WHAT YOU HAVE TO DO - The lines from the one holding "handmade leather keytags" to the final line of the listing below are to be duplicated exactly, with both ends included and pictures omitted.

DATA BLOCK -
· · · · ·
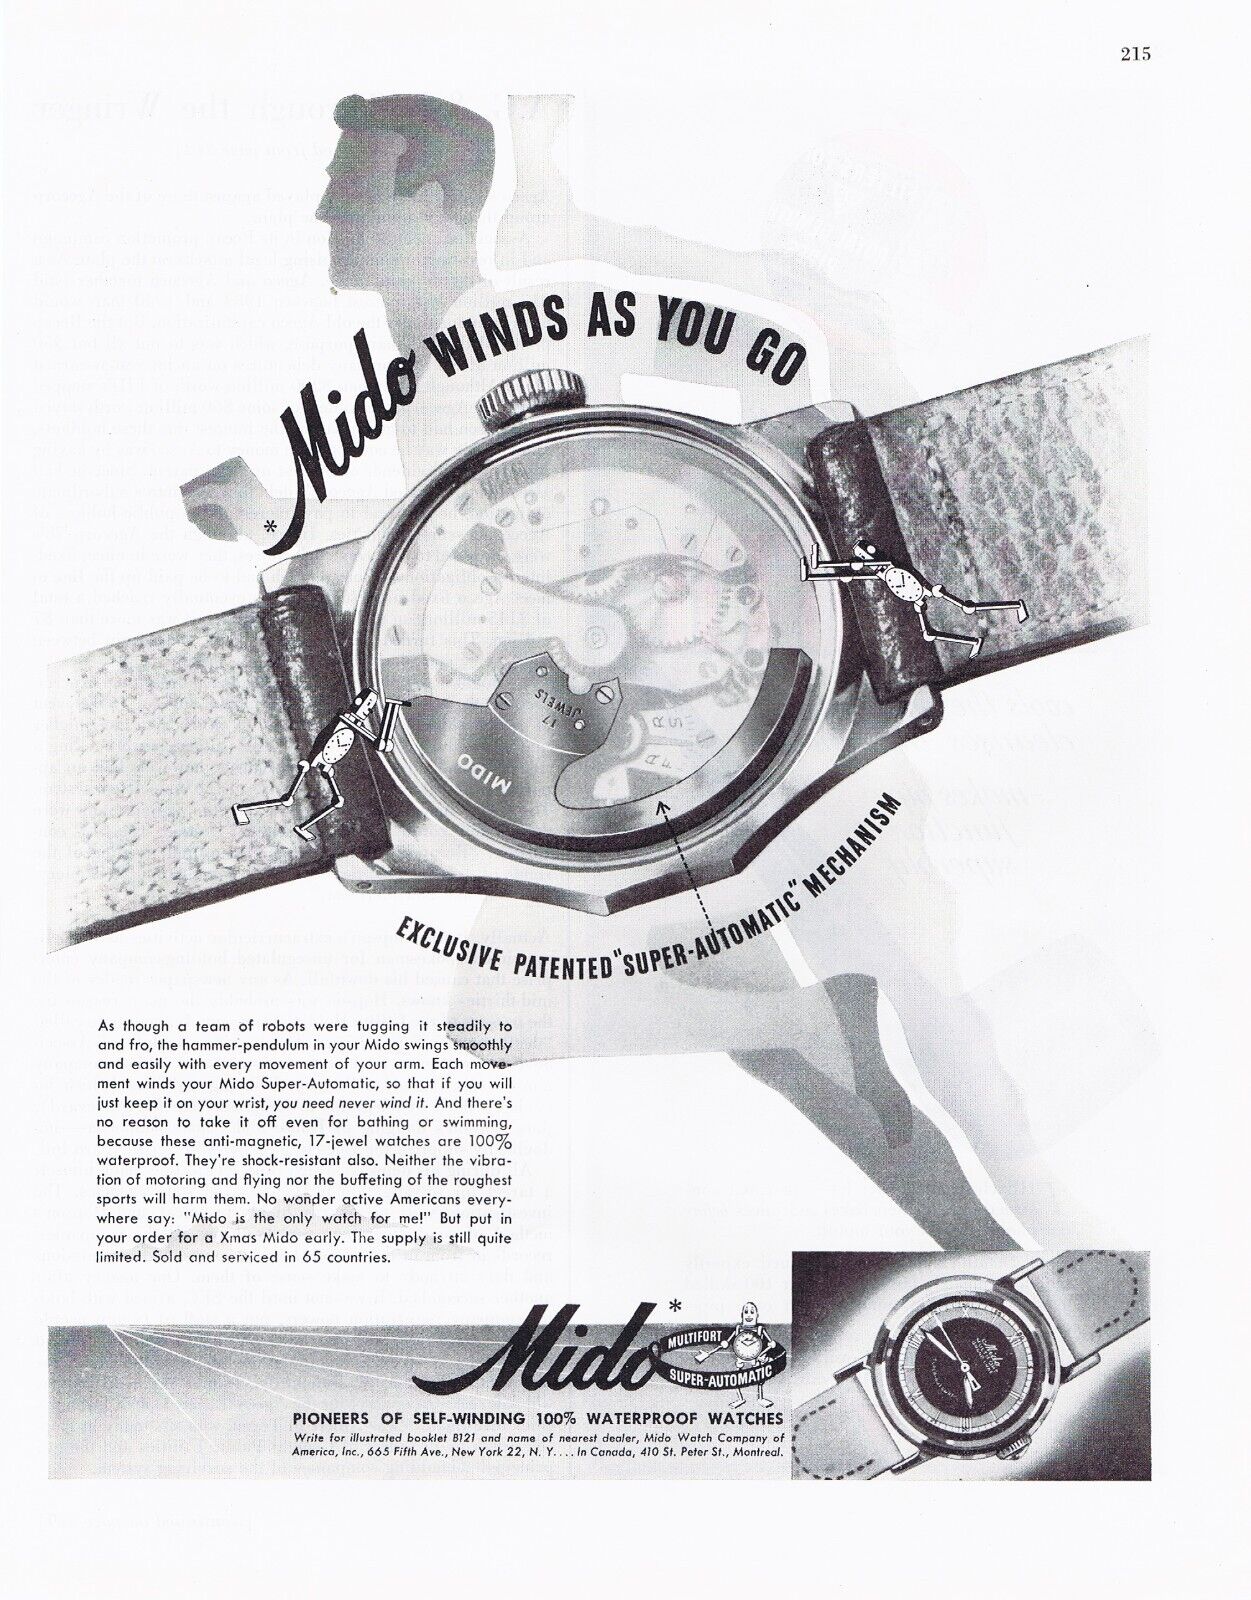 1945 MIDO SELF-WINDING SUPER-AUTOMATIC WATCH AD Vintage Sports Watch, Montreal
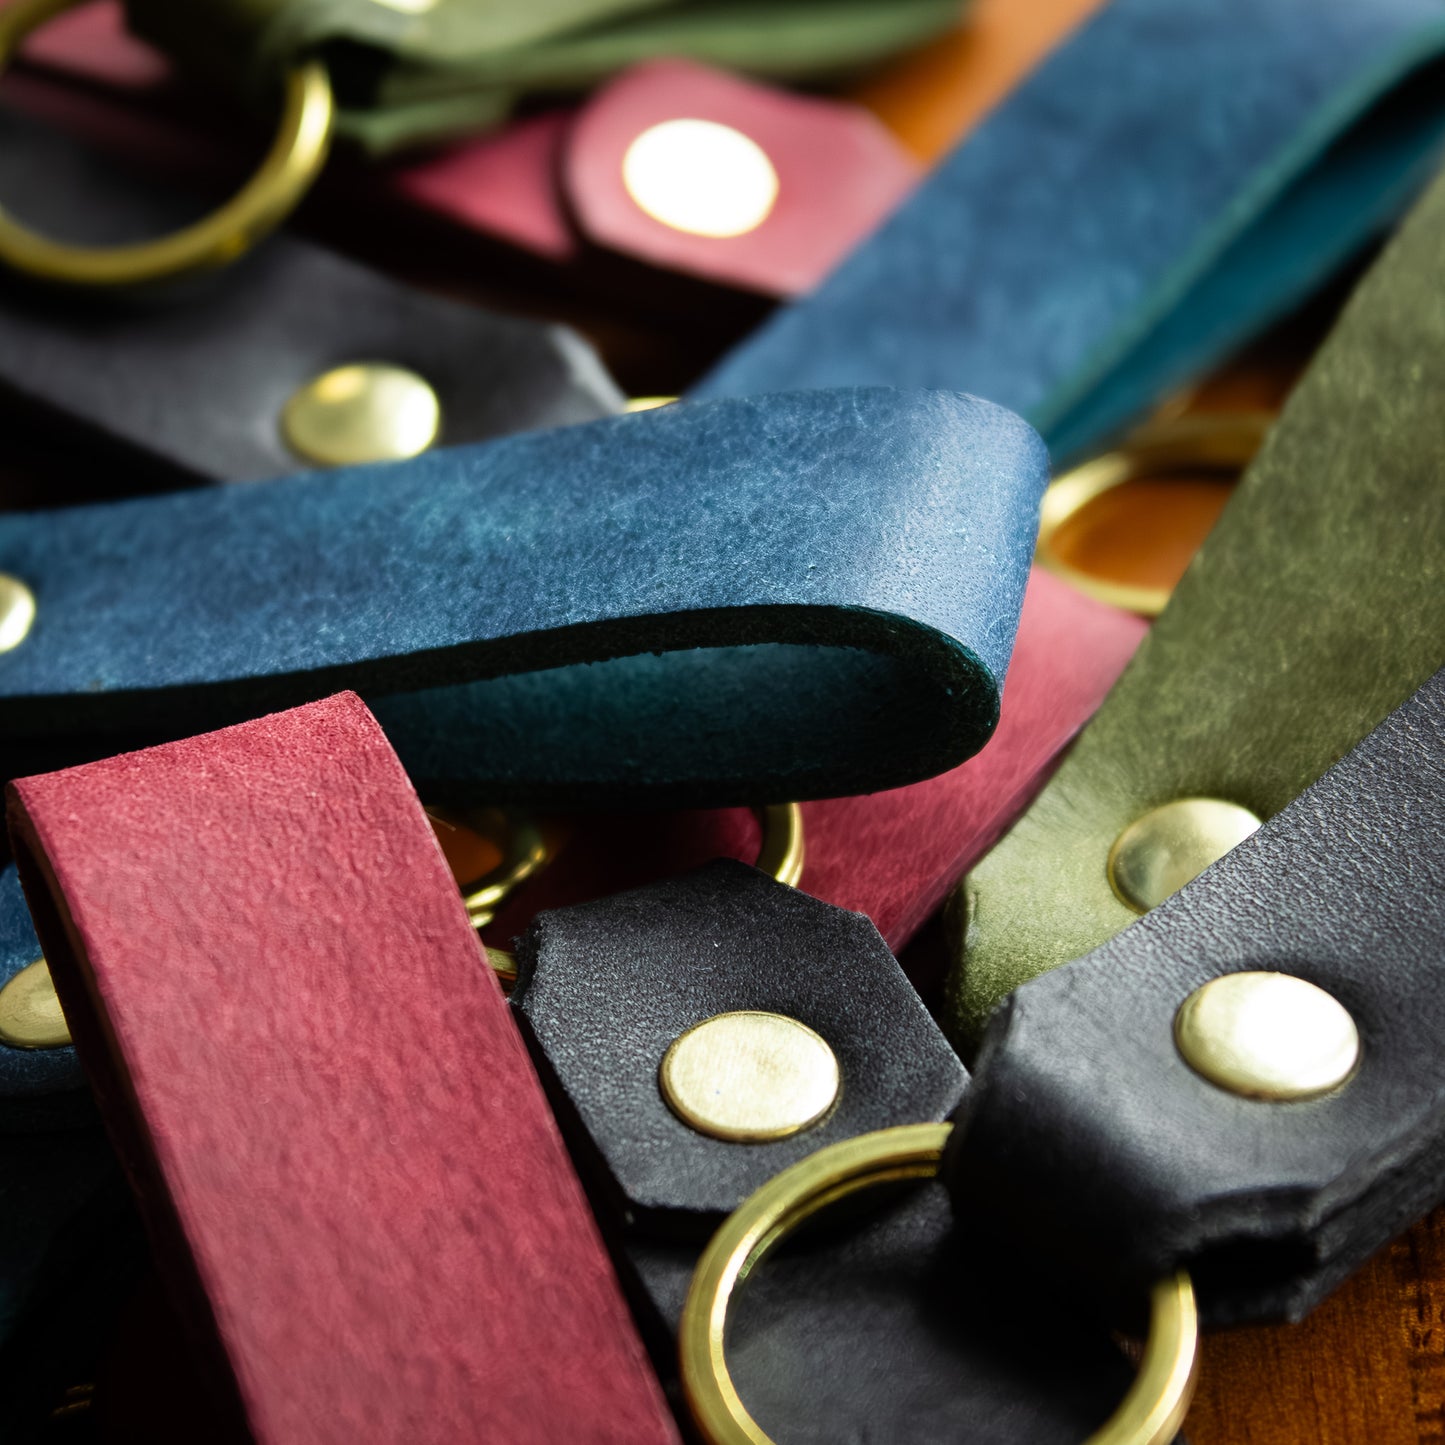 handmade leather keytags with solid brass keyring and rivet on top of wooden chopping board - Made from Peublo leather - blue, black, green, red 
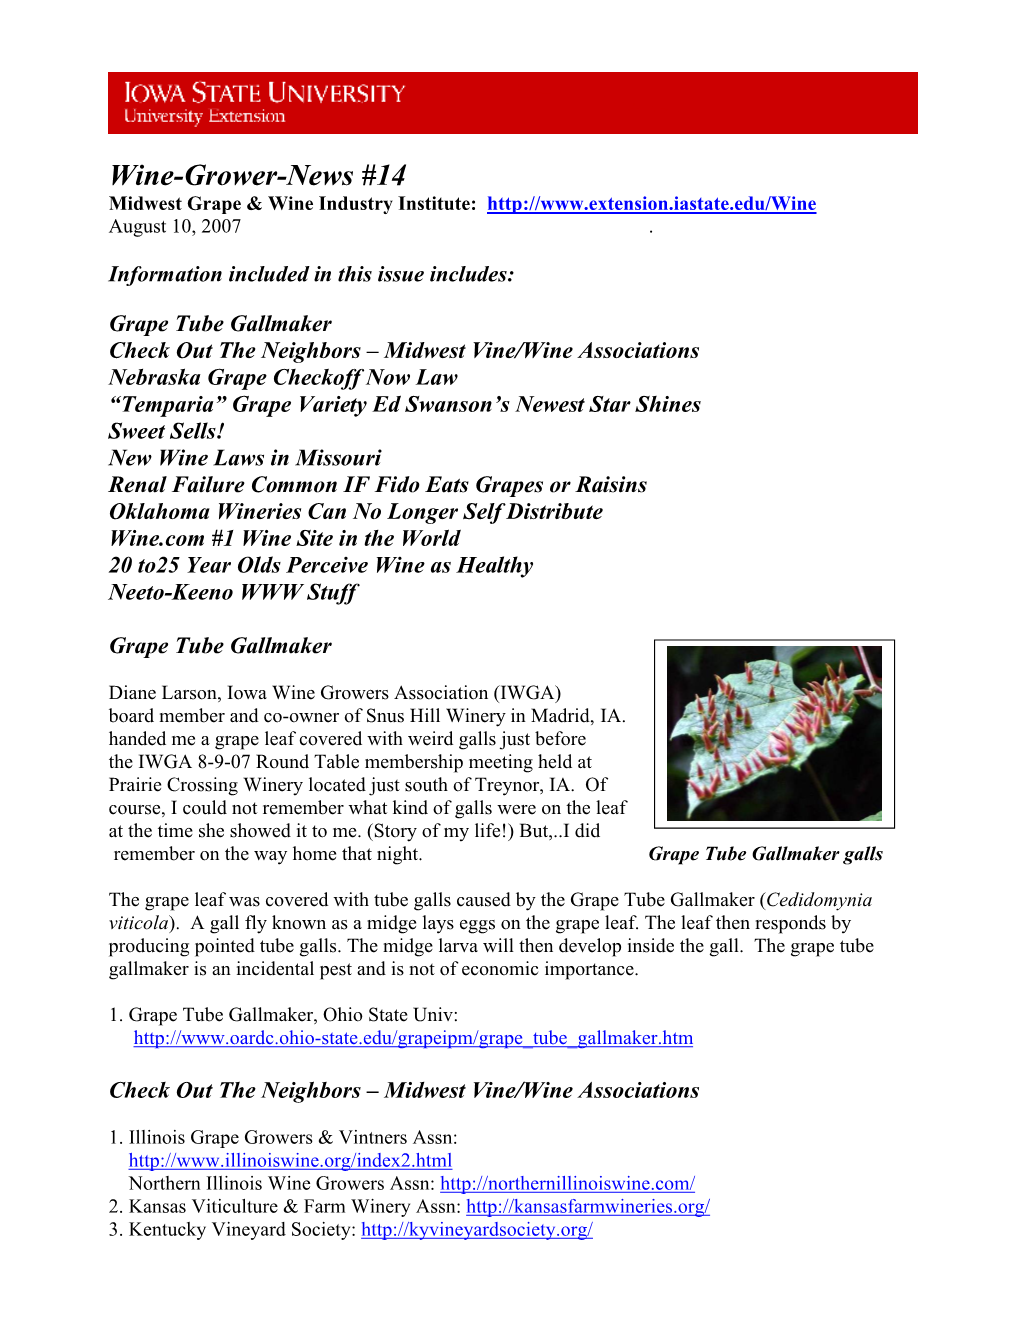 Wine-Grower-News #14 Midwest Grape & Wine Industry Institute: August 10, 2007
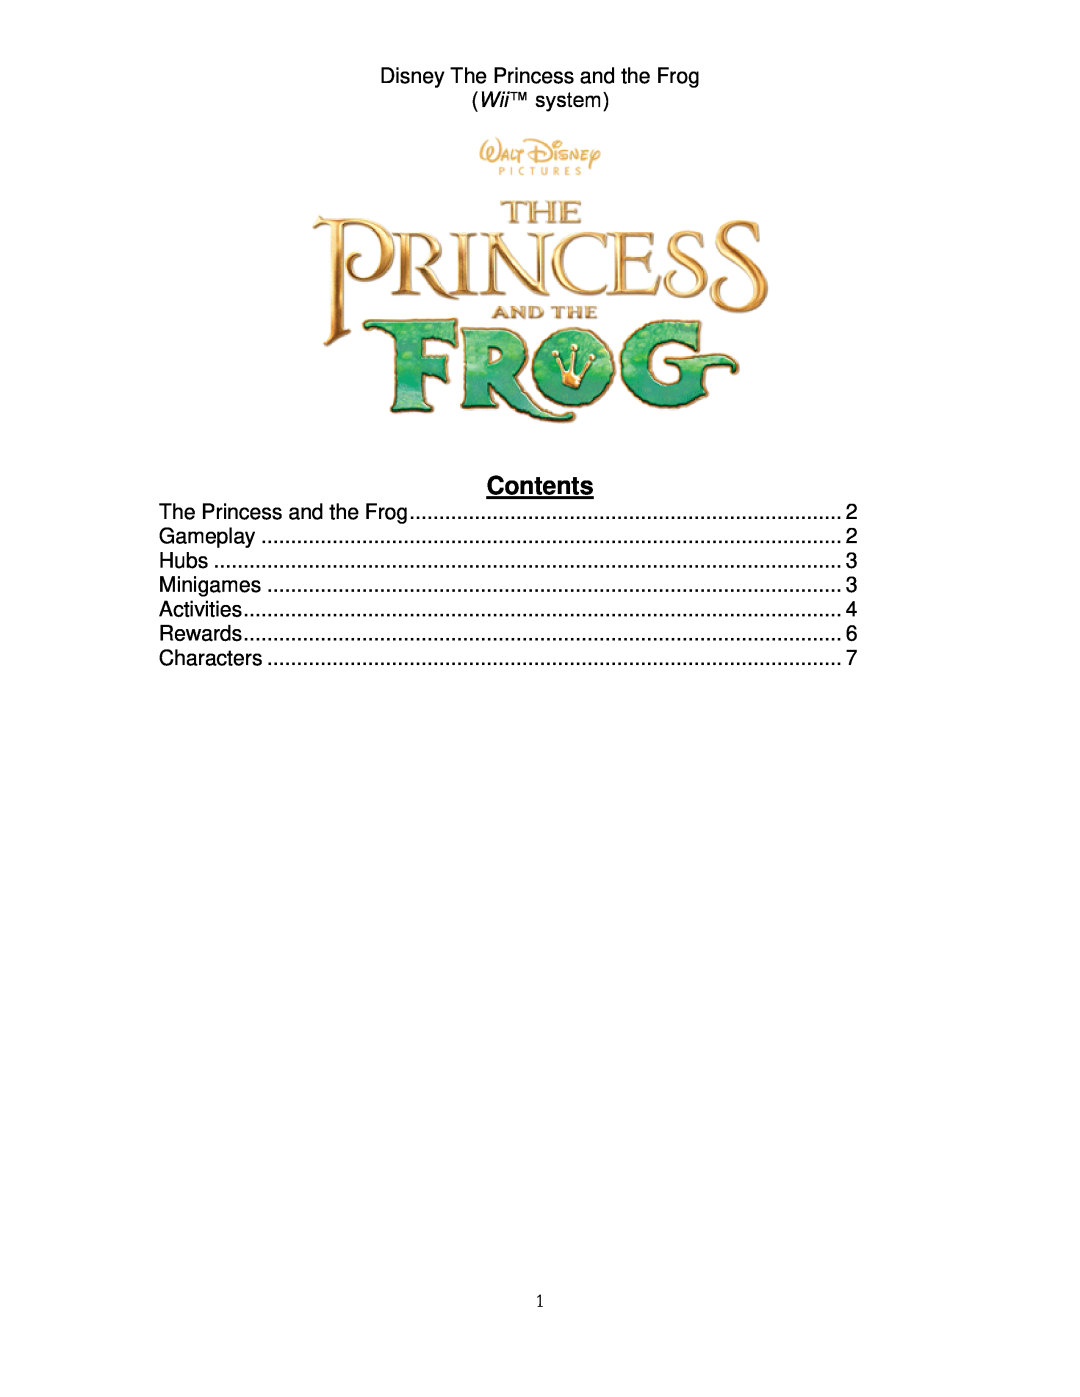 Disney Interactive Studios The Princess and the Frog for Wii manual Contents, Gameplay, Hubs, Minigames, Activities
· · · · ·
RESULT OF THE EXERCISE -
 handmade leather keytags with solid brass keyring and rivet on top of wooden chopping board - Made from Peublo leather - blue, black, green, red 
 Wine-Grower-News #14 Midwest Grape & Wine Industry Institute: August 10, 2007
 Disney Interactive Studios The Princess and the Frog for Wii manual Contents, Gameplay, Hubs, Minigames, Activities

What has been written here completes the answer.